• _WHAT IS NEEDED_
Give back the exact lines of the material below from the one containing "Core Sans N 25 Extra Light Italic image" through the one containing "Red Button SRB4229", and no pictures.
━━━━━ TASK DATA ━━━━━
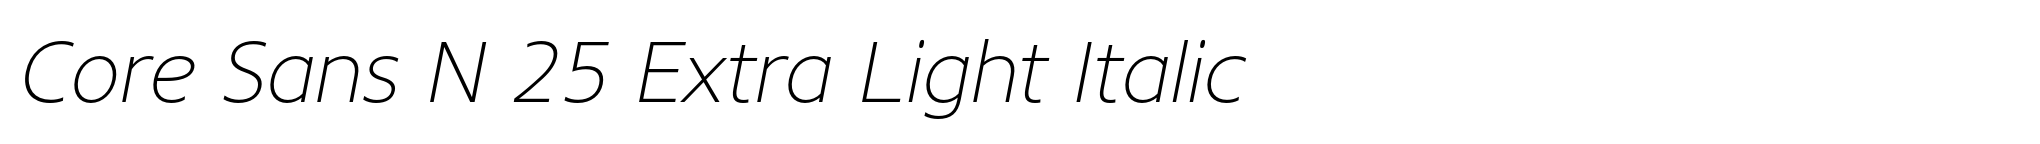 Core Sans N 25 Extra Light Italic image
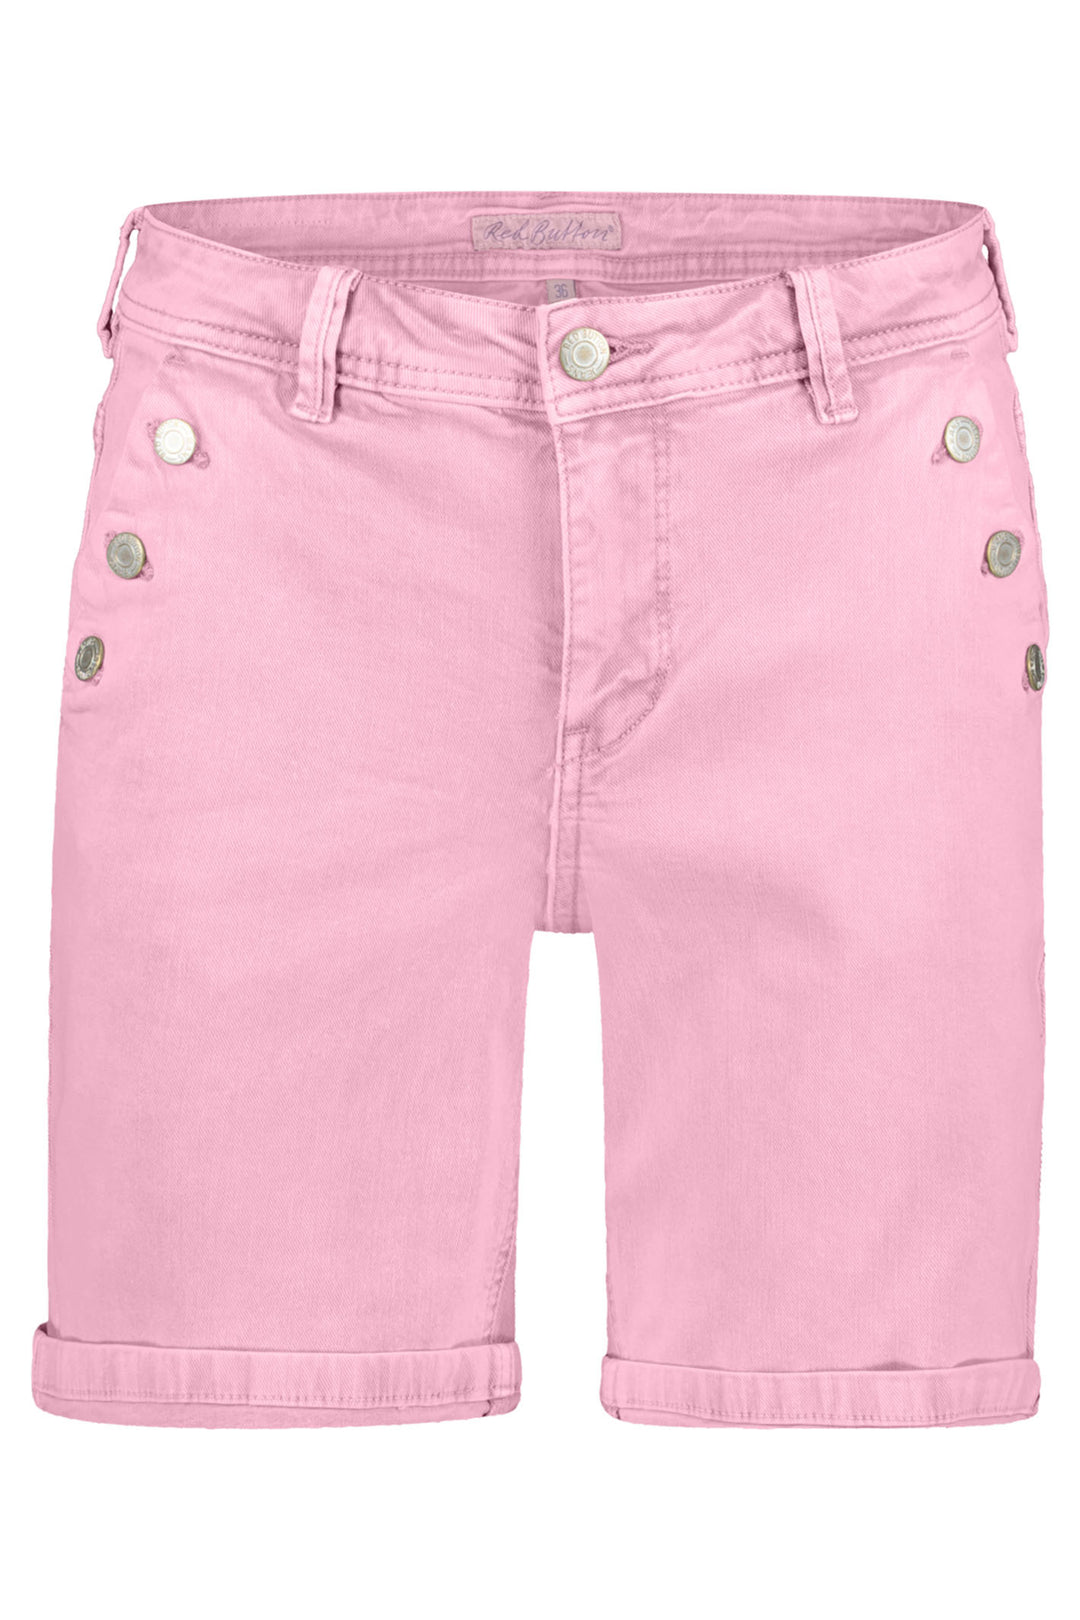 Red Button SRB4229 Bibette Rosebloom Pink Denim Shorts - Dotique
━━━━━
━━━━━ TASK DATA ━━━━━
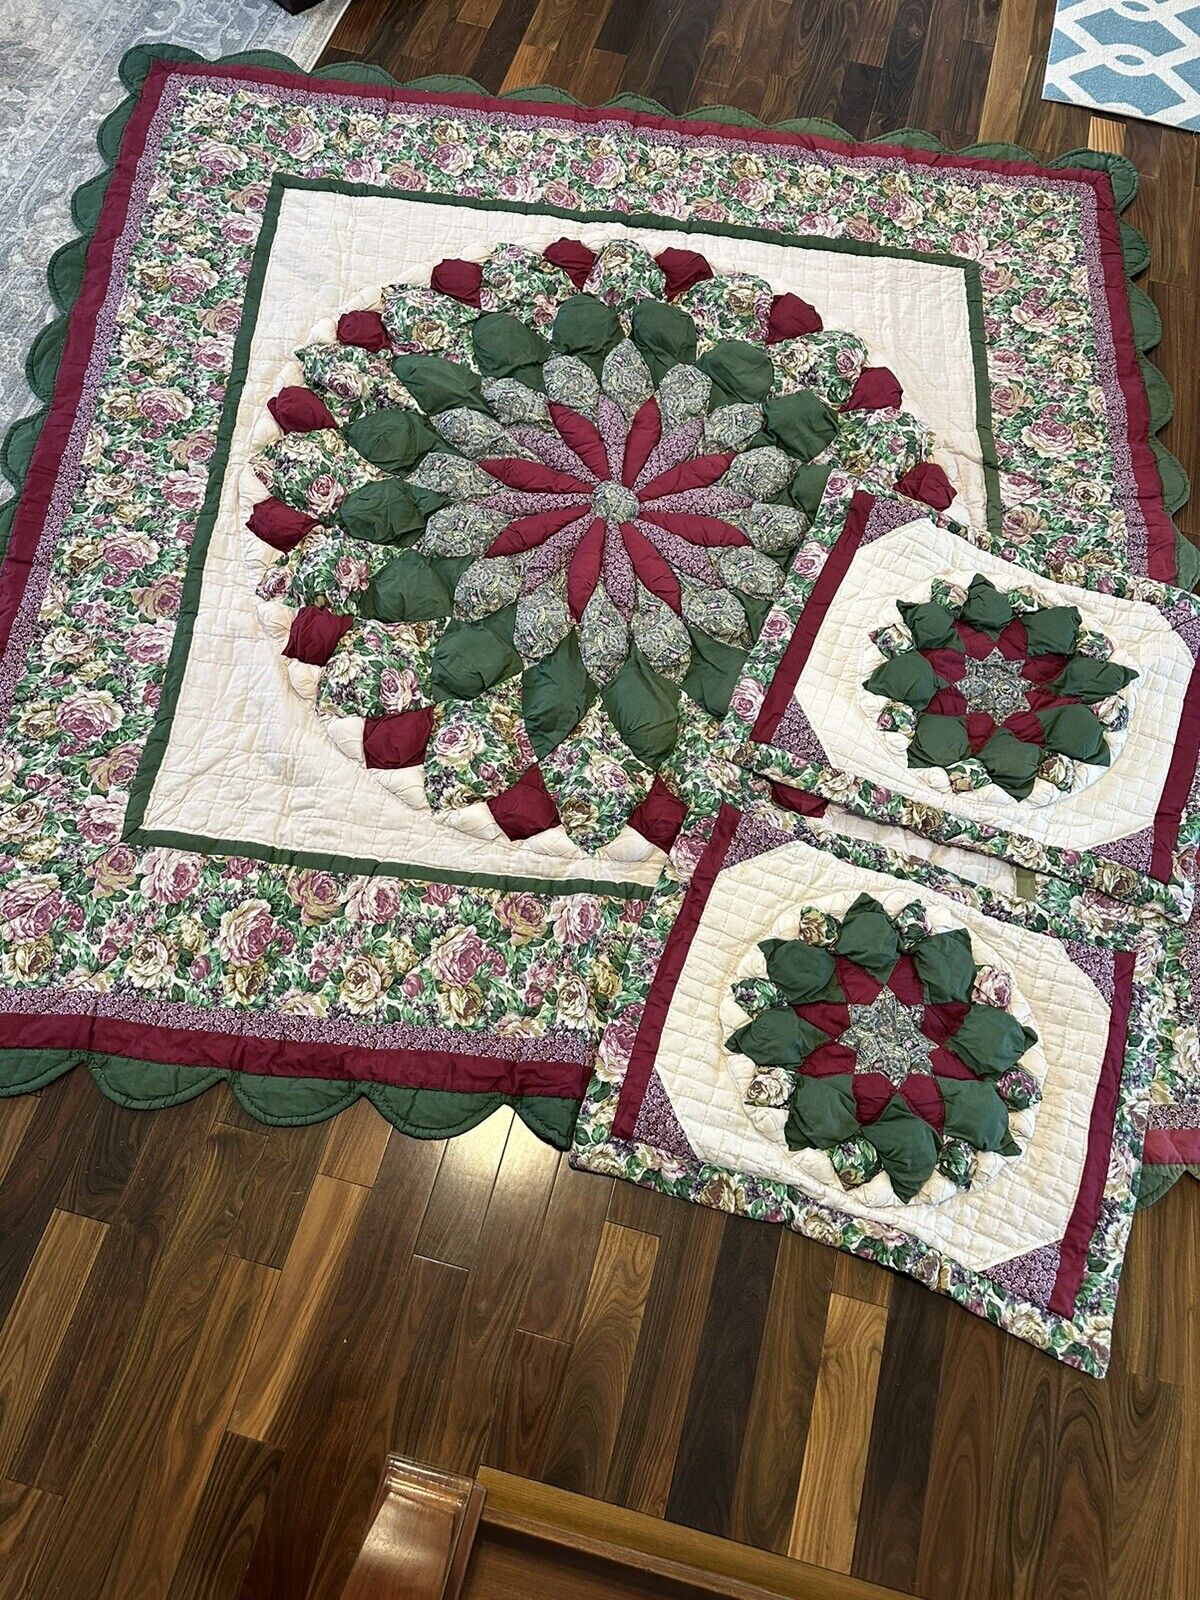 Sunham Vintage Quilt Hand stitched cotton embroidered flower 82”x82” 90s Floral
━━━━━
• _YOUR SOLUTION_
 Core Sans N 25 Extra Light Italic image
 Red Button SRB4229 Bibette Rosebloom Pink Denim Shorts - Dotique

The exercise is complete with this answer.